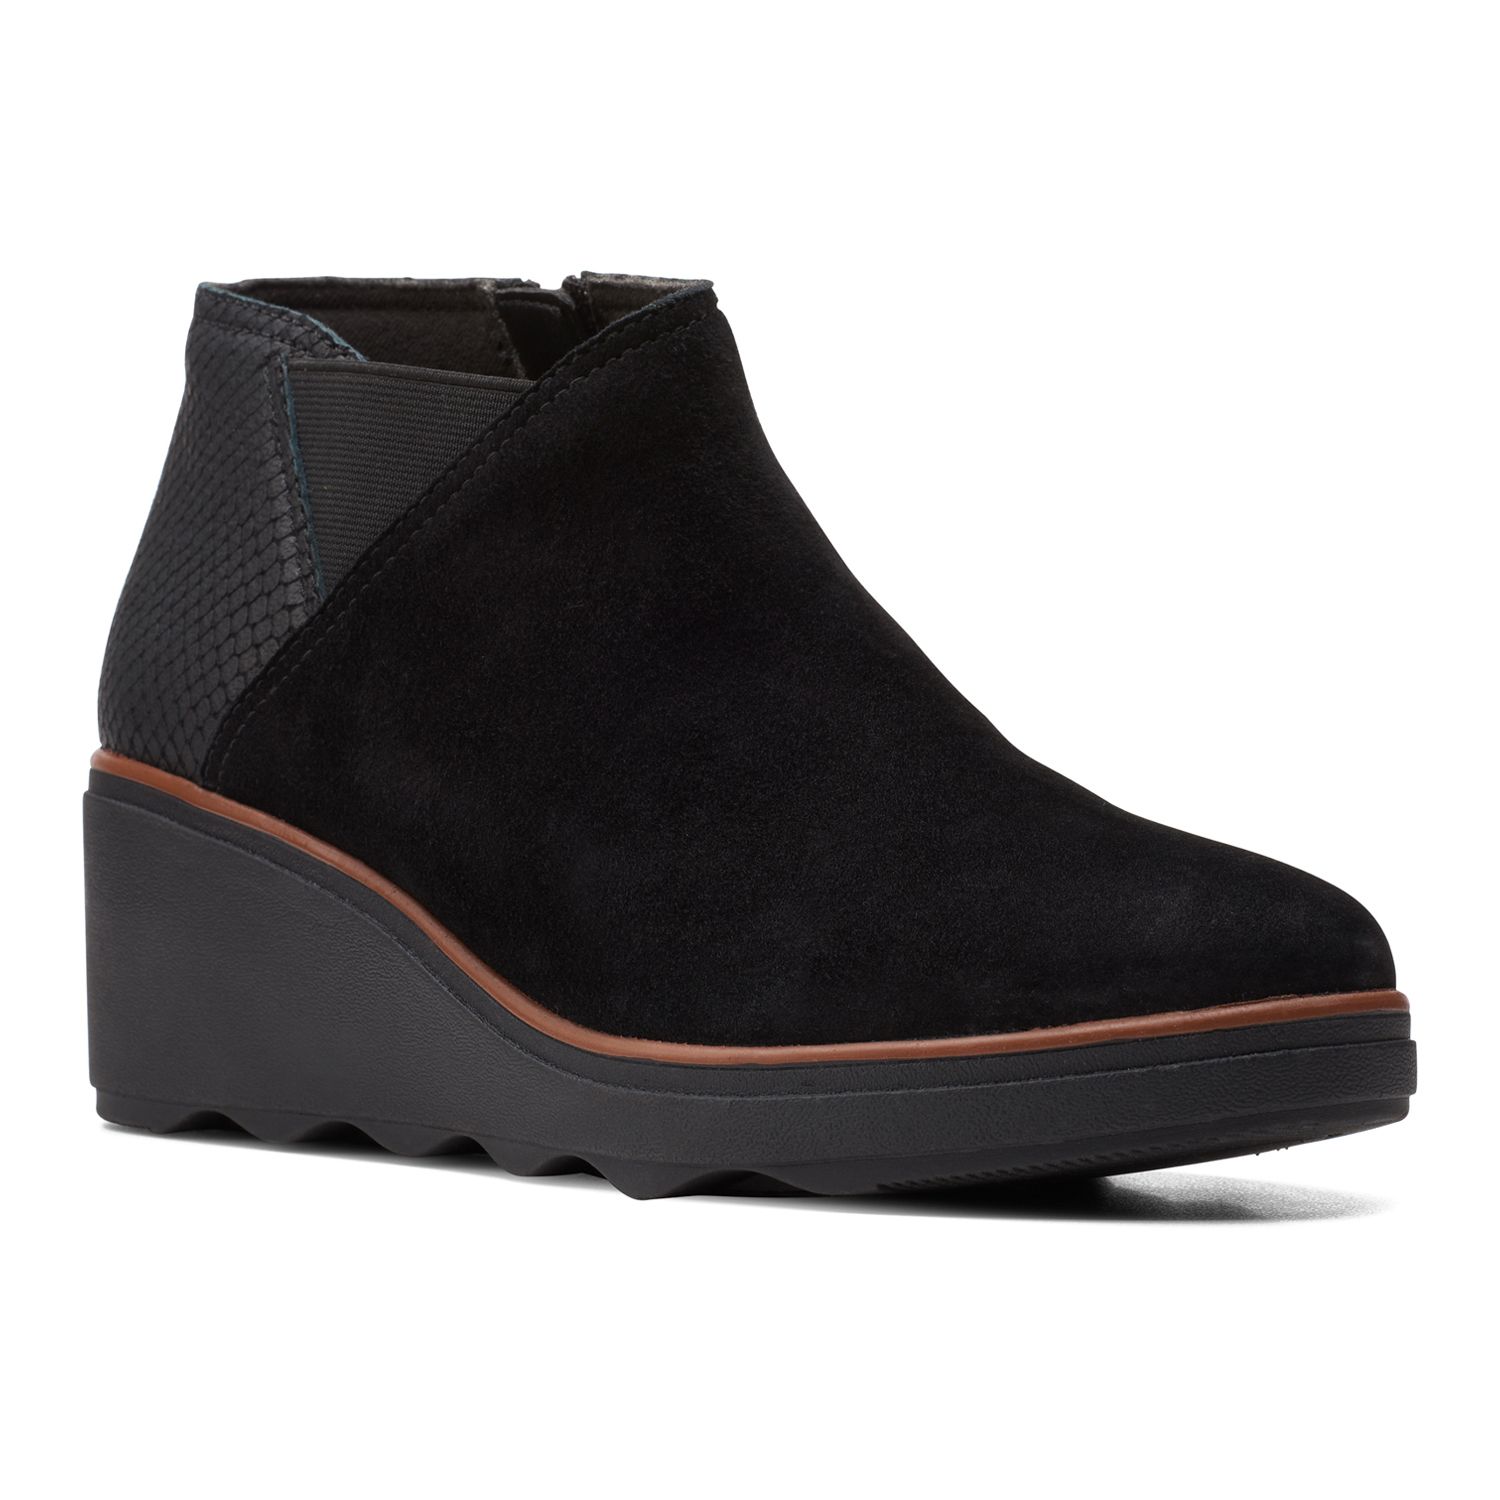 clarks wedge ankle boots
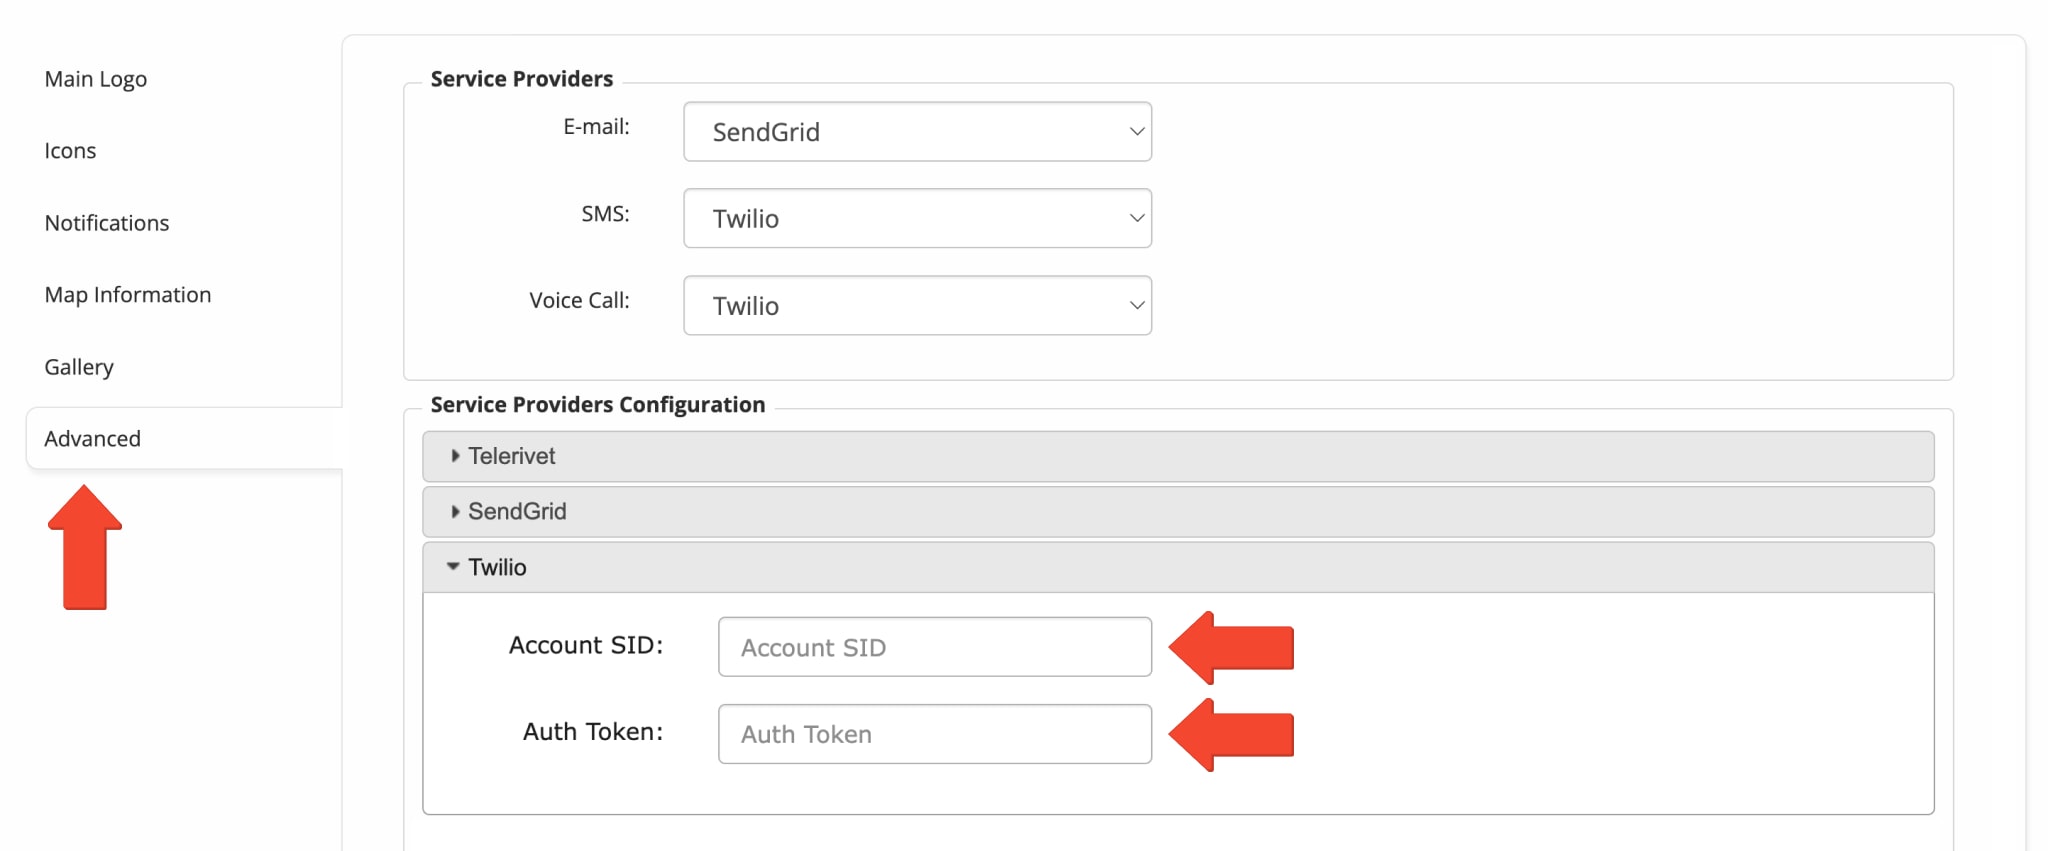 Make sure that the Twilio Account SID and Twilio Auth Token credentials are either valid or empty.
* * *
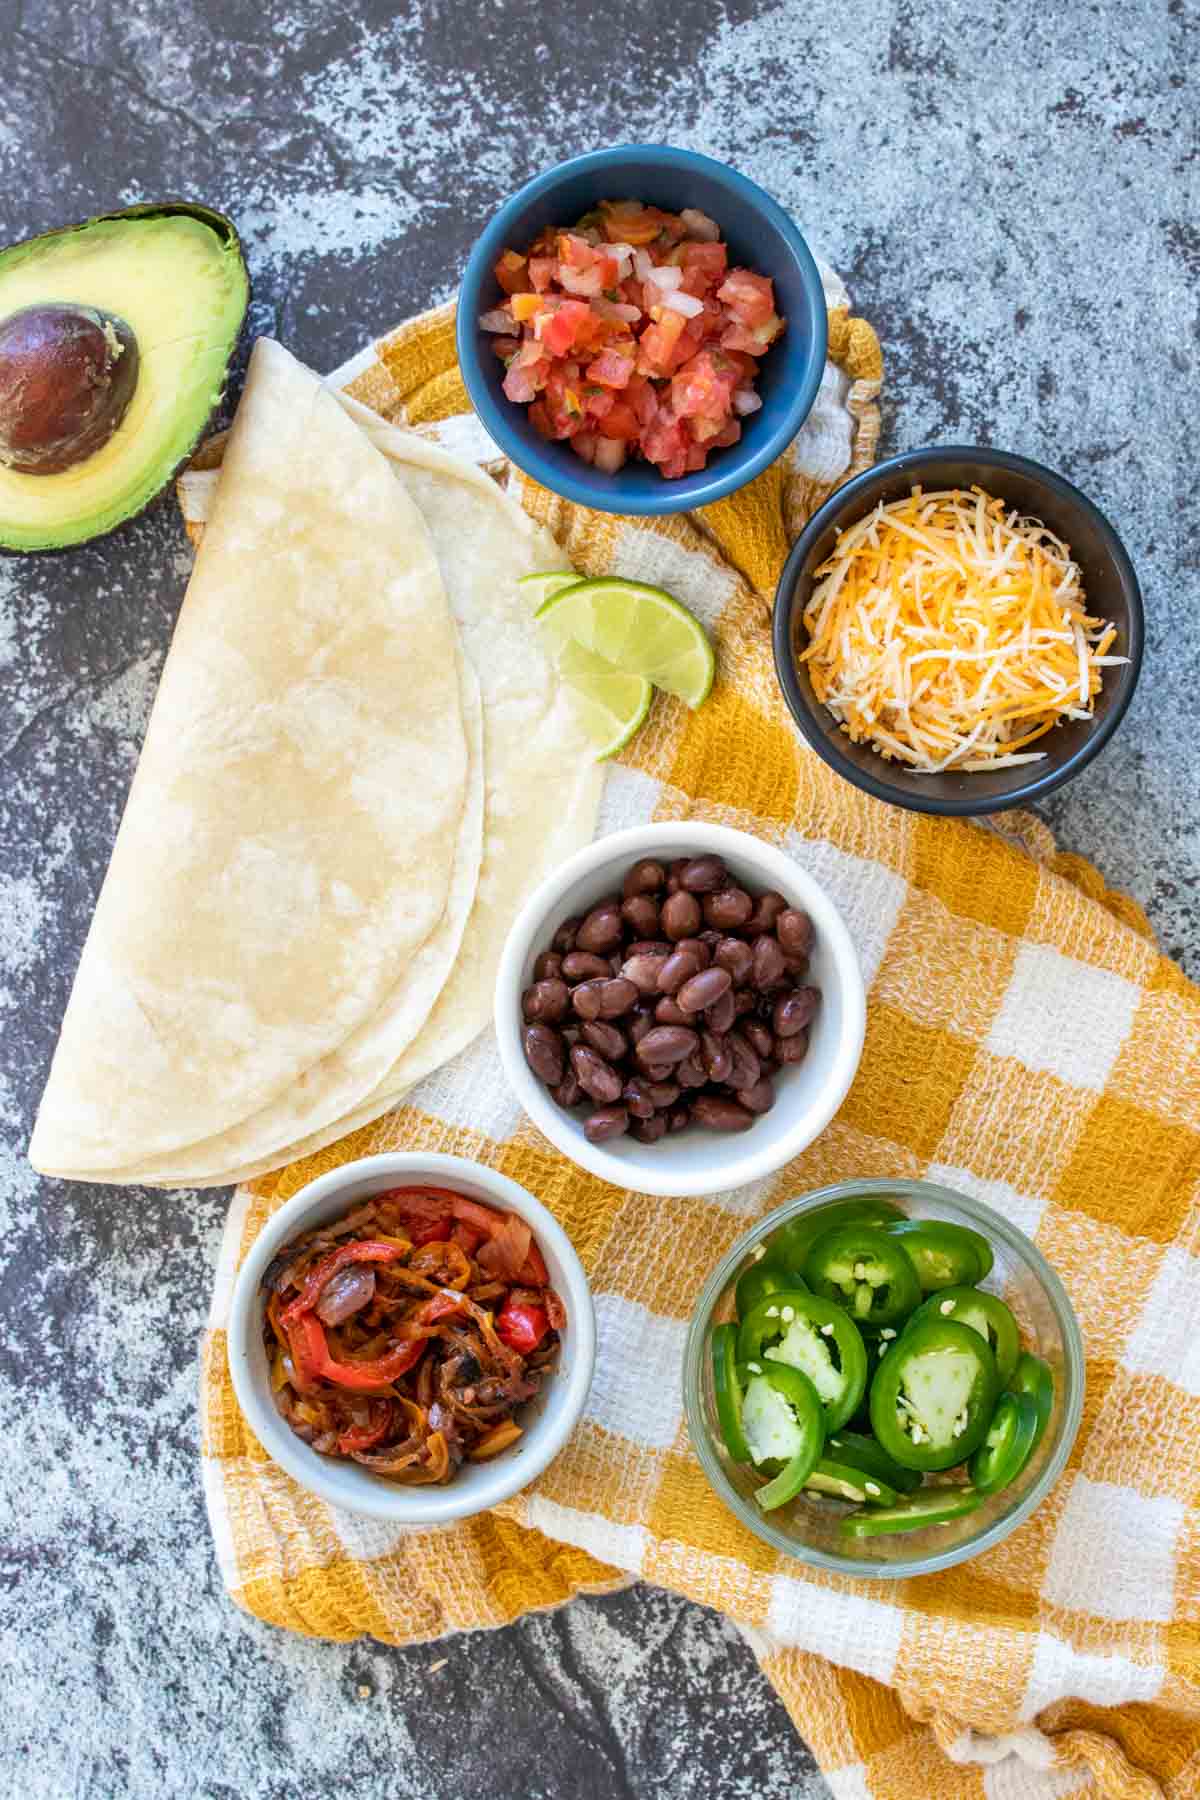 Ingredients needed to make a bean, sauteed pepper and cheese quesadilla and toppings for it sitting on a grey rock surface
* * *
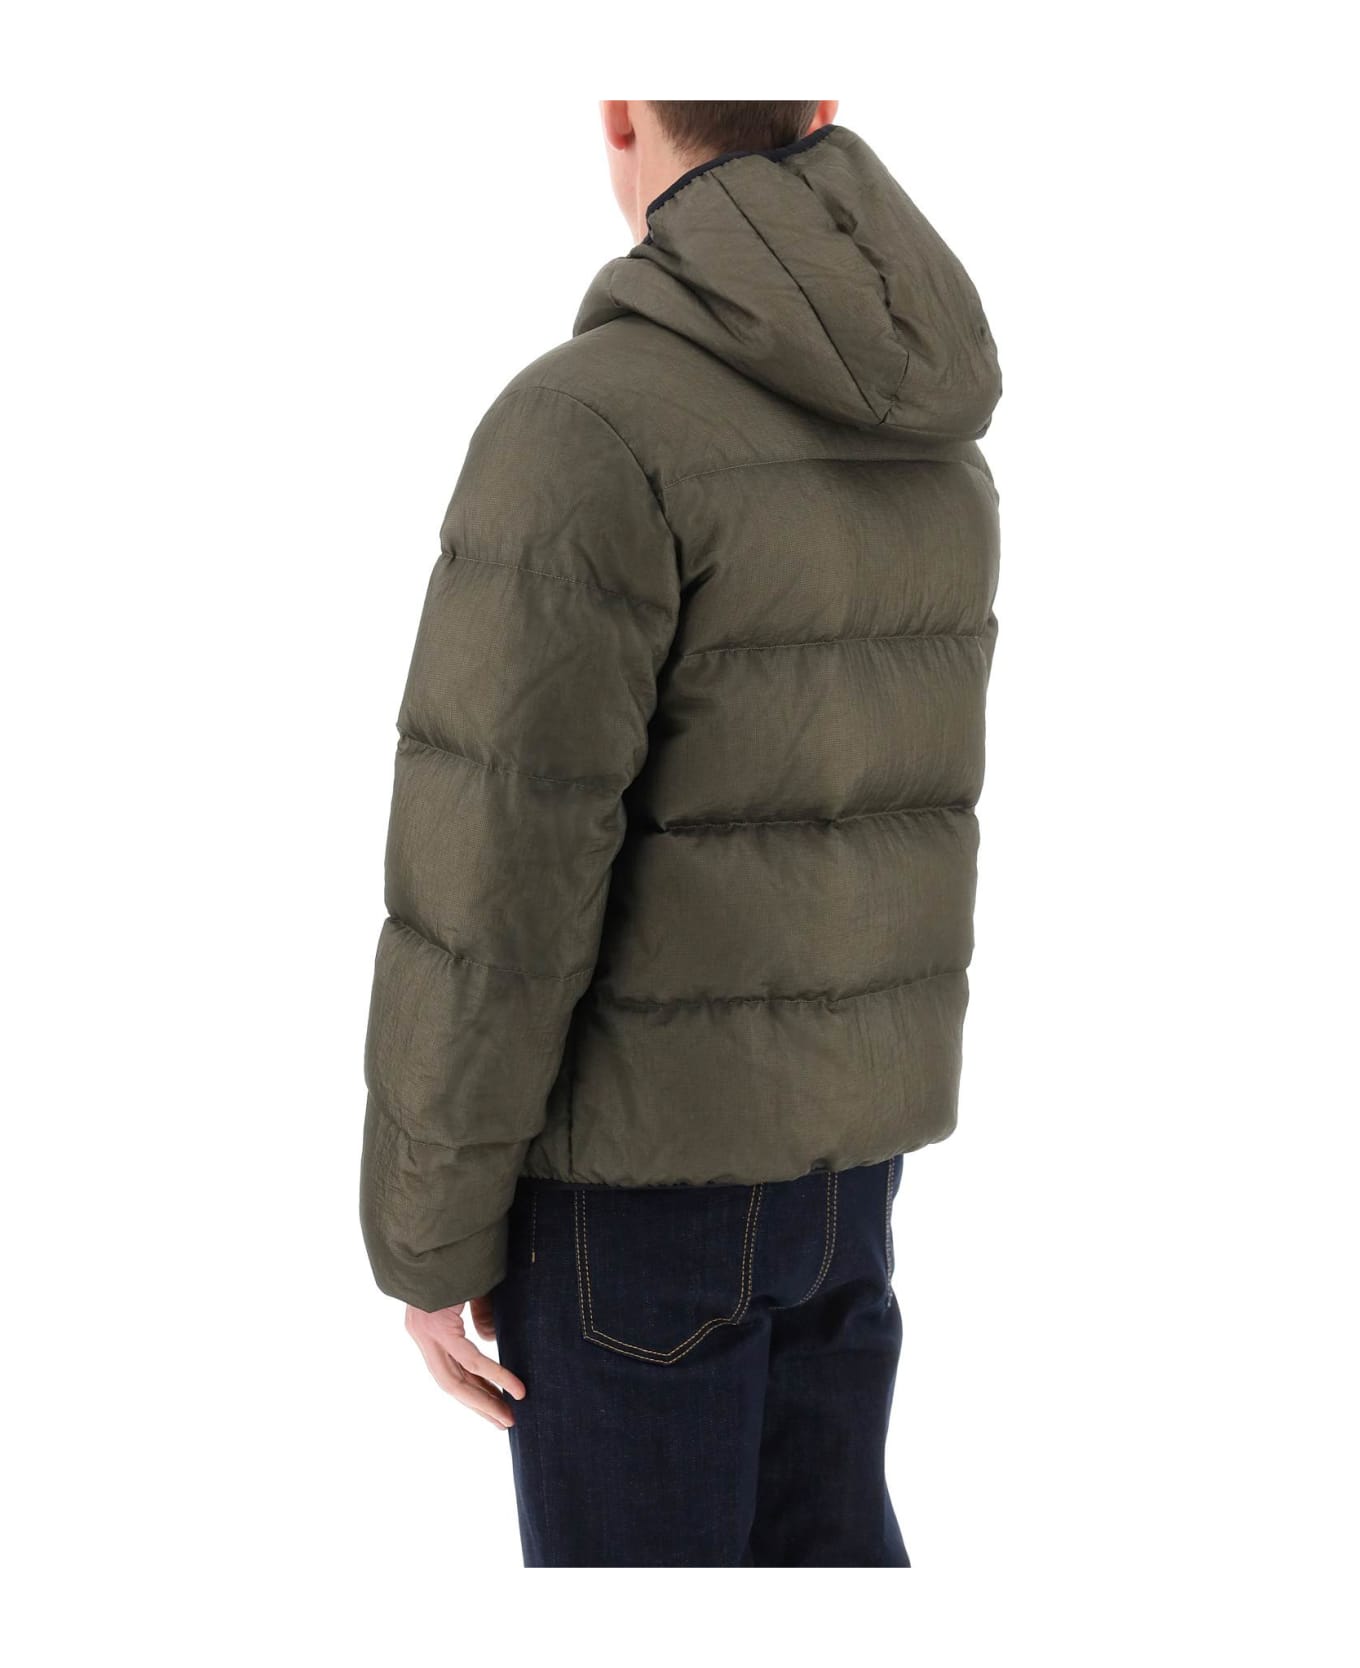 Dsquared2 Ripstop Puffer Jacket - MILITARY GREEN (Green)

# Action item
Using the entries above, repeat exactly the lines from the one with "clarks wedge ankle boots" to the one with "Make sure that", both included, and leave the pictures behind.

# Written solution
 clarks wedge ankle boots
 Make sure that the Twilio Account SID and Twilio Auth Token credentials are either valid or empty.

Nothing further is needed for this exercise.